### PROVIDED ENTRIES
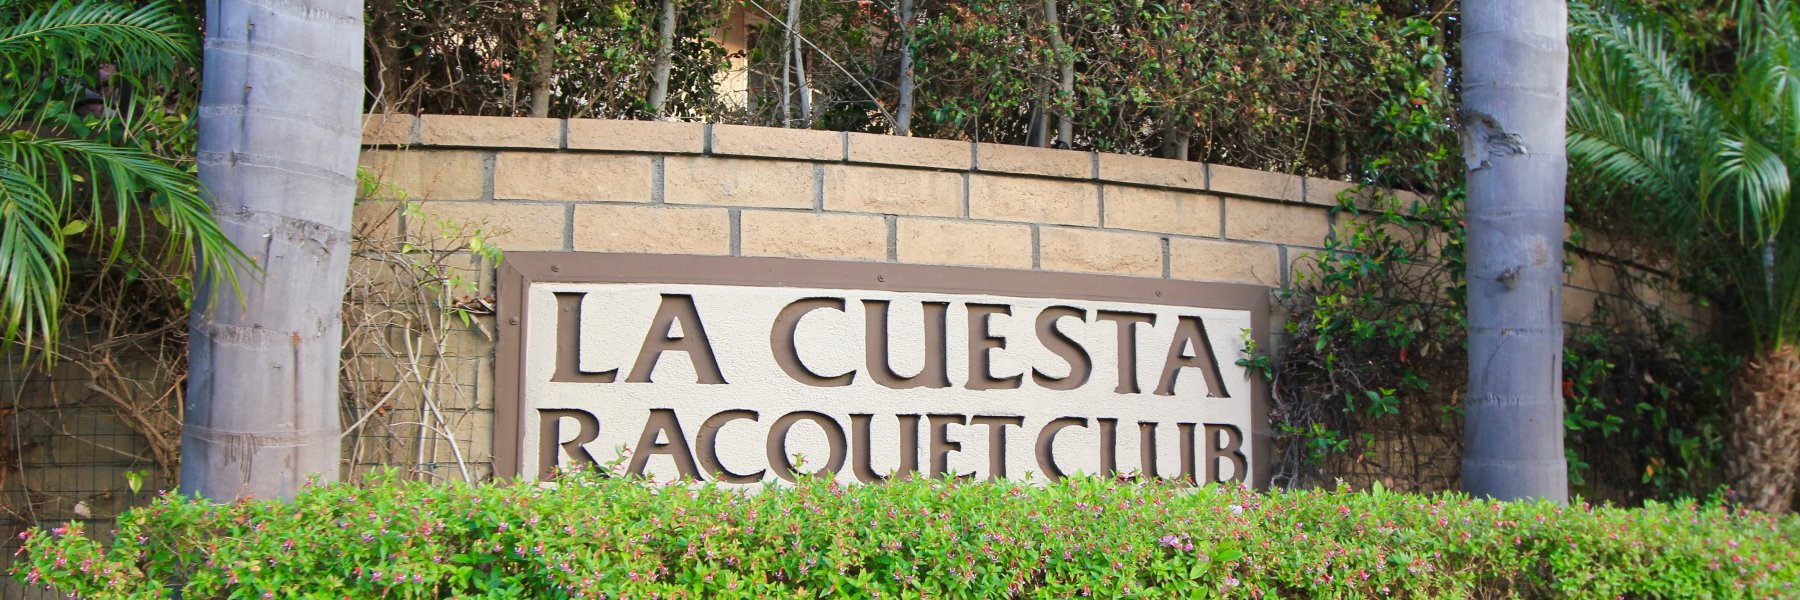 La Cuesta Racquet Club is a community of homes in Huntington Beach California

--

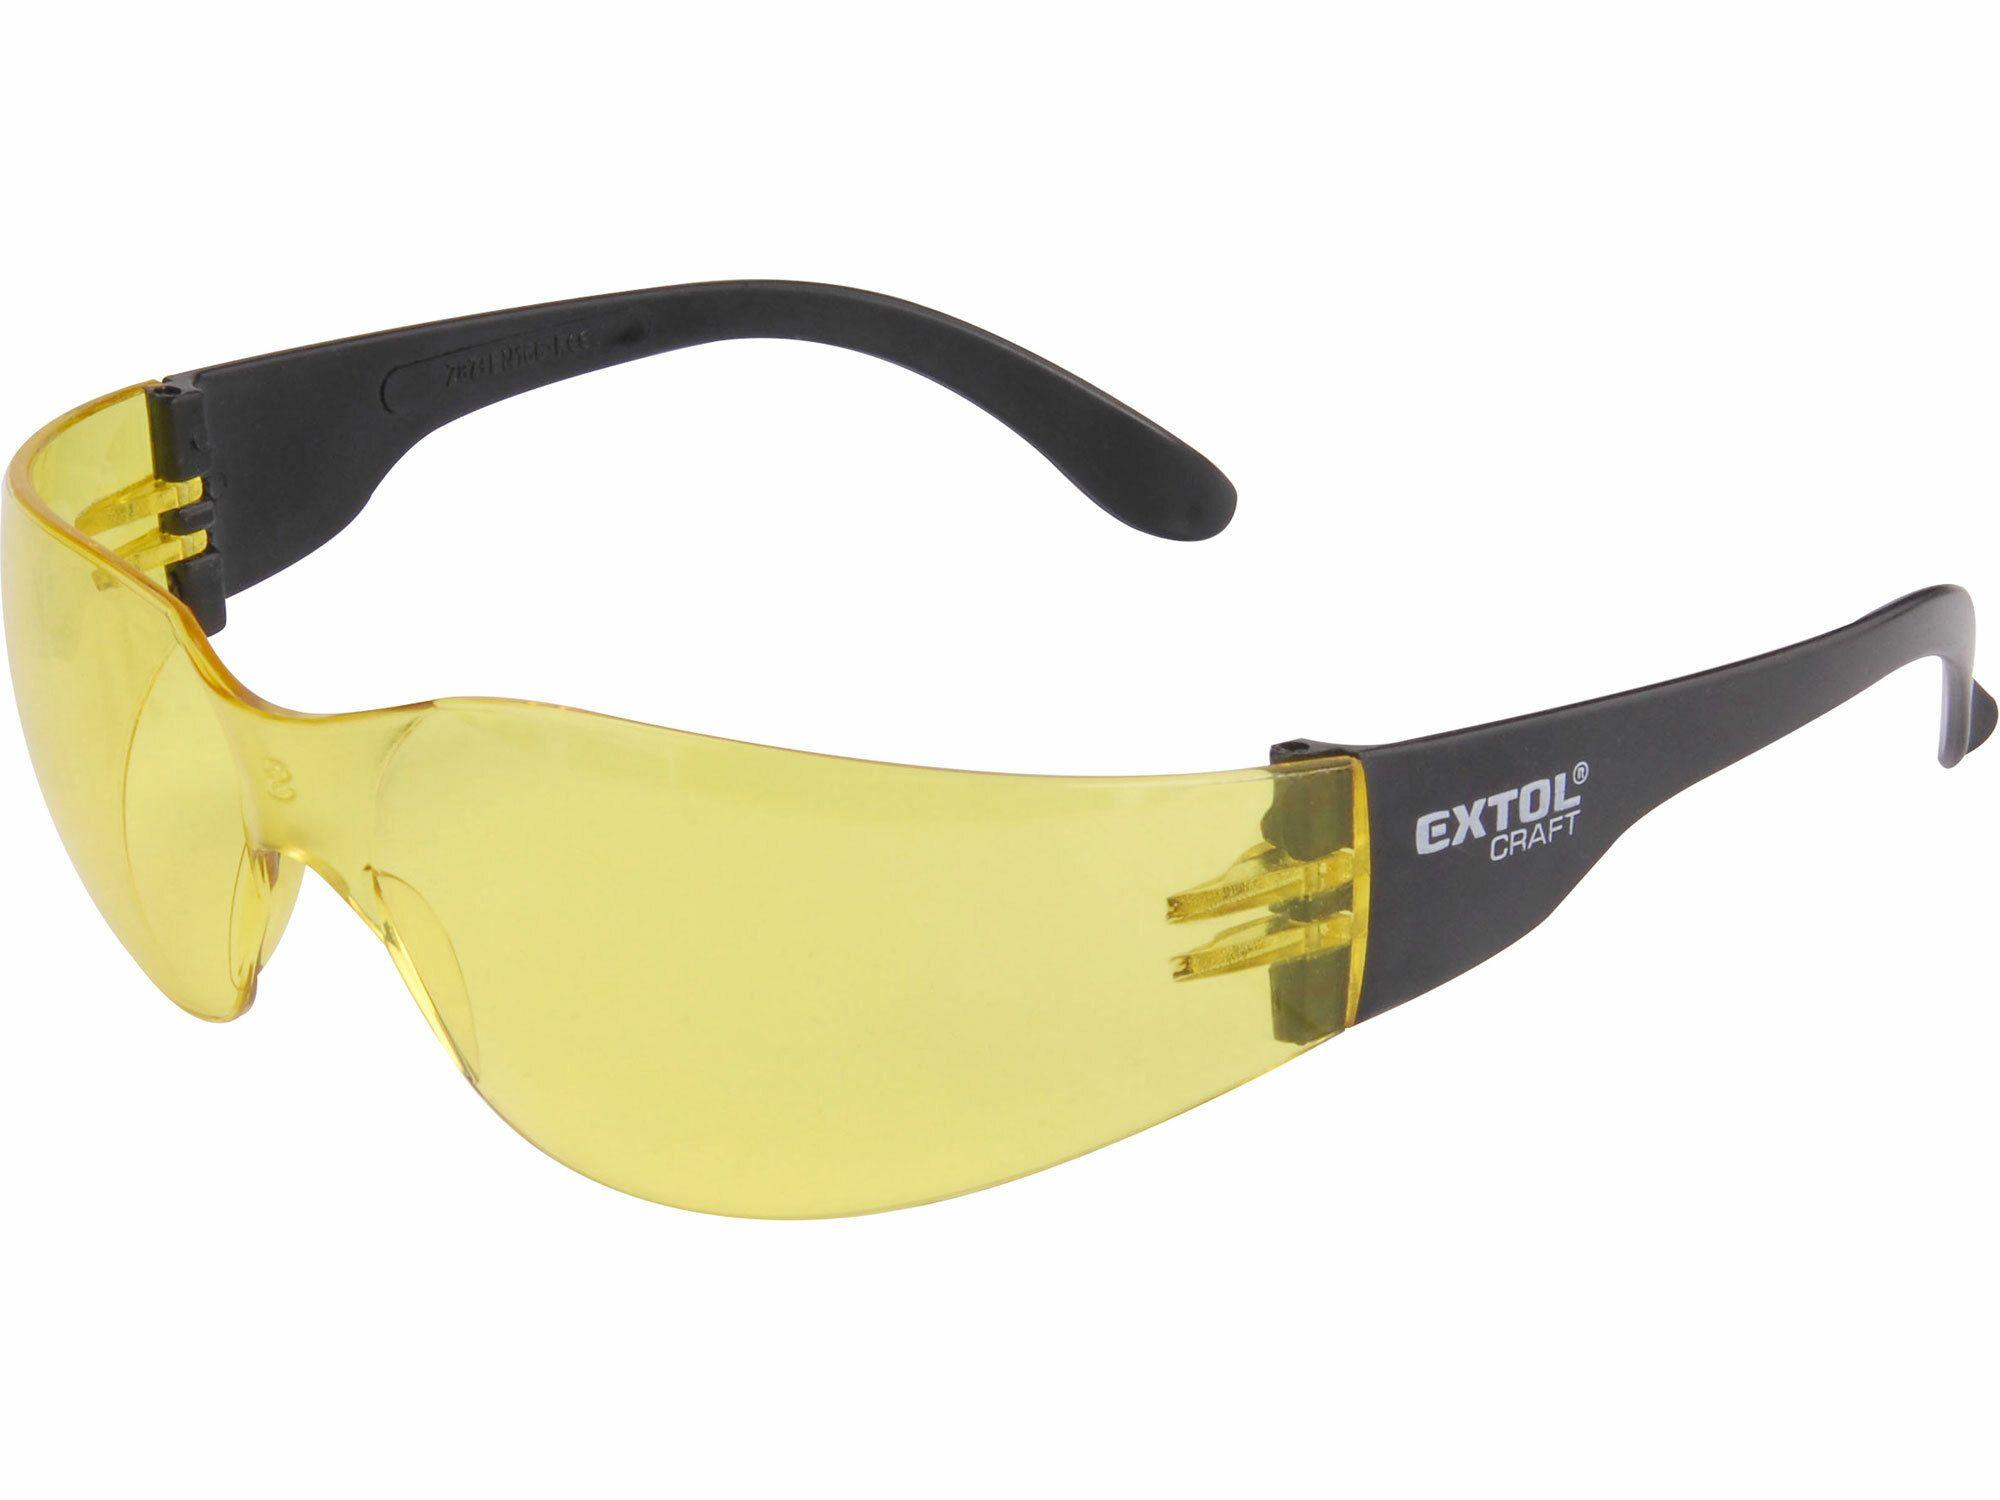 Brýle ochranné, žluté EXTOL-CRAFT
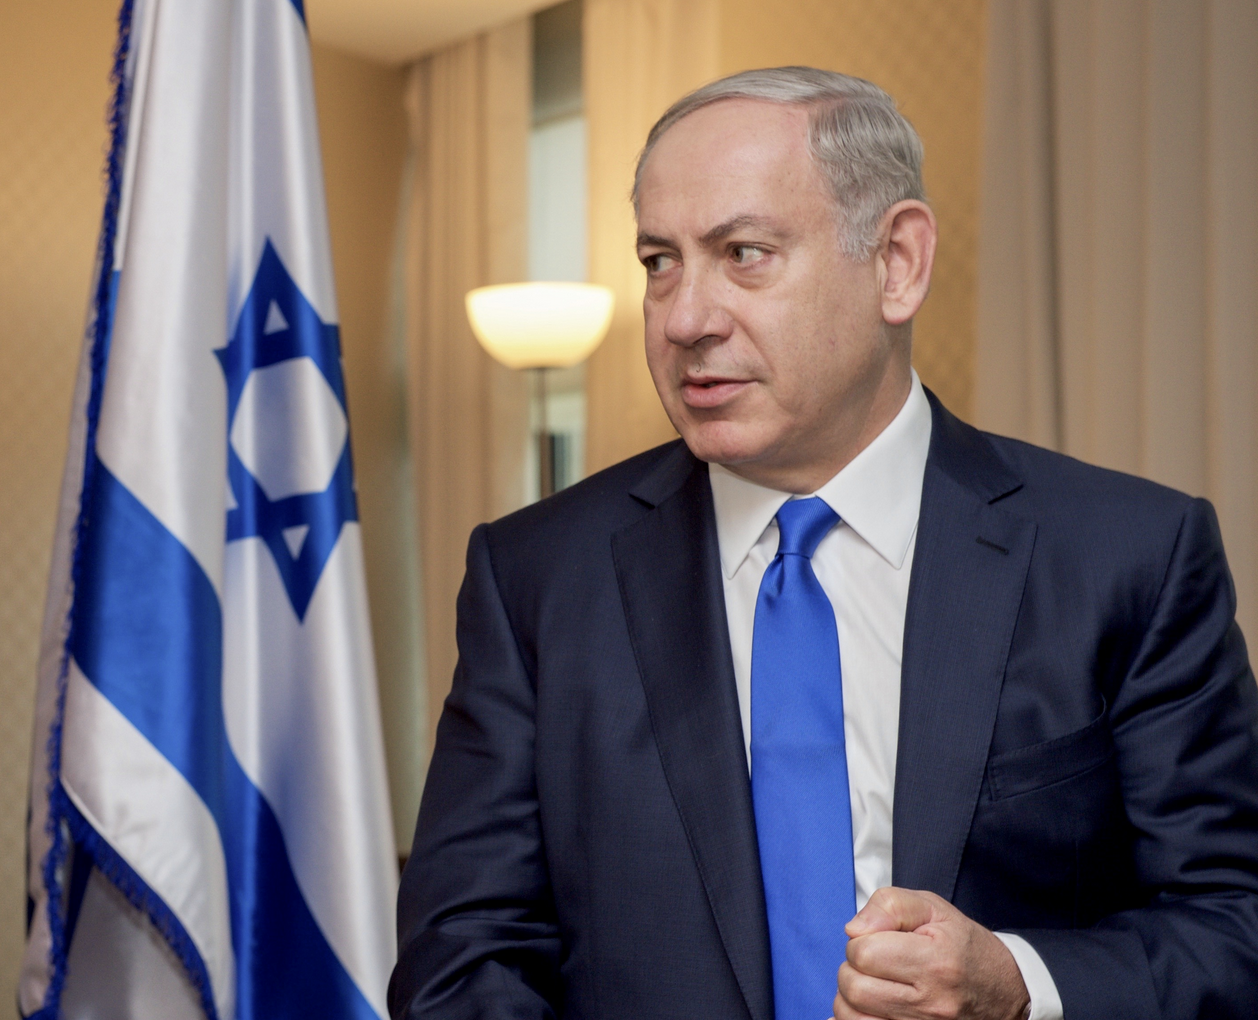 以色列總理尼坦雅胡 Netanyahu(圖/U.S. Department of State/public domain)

### TASK BRIEF
What do the entries above read from the line containing "Brýle ochranné, žluté EXTOL-CRAFT" through the line containing "以色列總理尼坦雅胡 Netanyahu(圖/U.S. Department"? Output those lines exactly, both ends included, with the pictures left out.

### SOLUTION TO THIS TASK
 Brýle ochranné, žluté EXTOL-CRAFT
 以色列總理尼坦雅胡 Netanyahu(圖/U.S. Department of State/public domain)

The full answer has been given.